== Your task ==
For the data below, restate word for word only the lines from the line containing "Interior and exterior of redundant church." through the line containing "[The interior of", both ends included.

== Input material ==
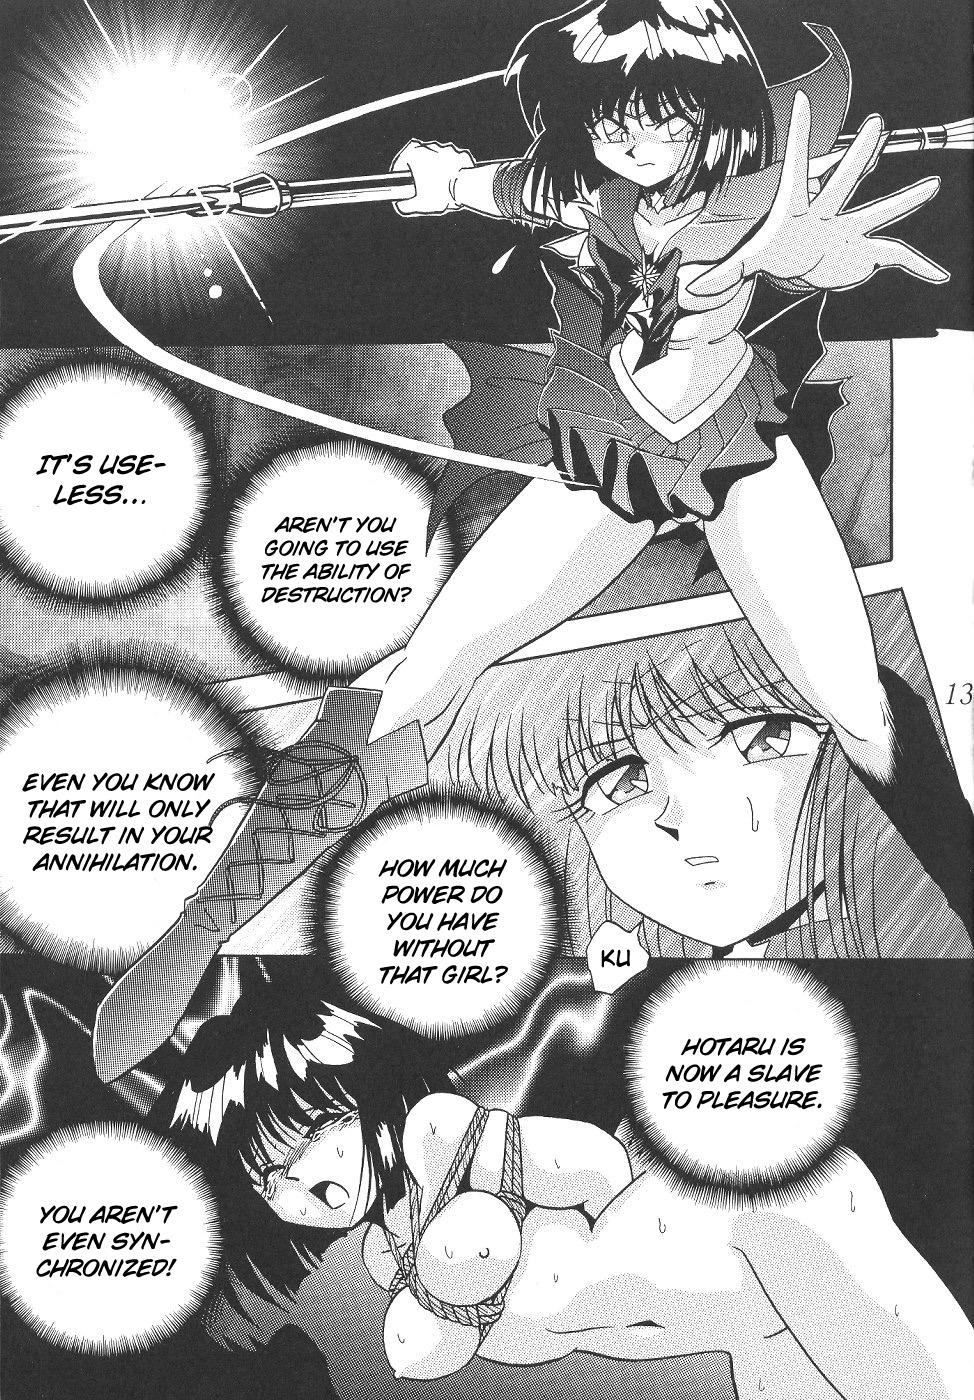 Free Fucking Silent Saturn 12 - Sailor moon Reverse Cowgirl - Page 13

==

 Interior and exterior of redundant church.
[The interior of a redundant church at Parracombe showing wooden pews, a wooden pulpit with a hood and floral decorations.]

== Answer space ==
 Interior and exterior of redundant church.
[The interior of a redundant church at Parracombe showing wooden pews, a wooden pulpit with a hood and floral decorations.]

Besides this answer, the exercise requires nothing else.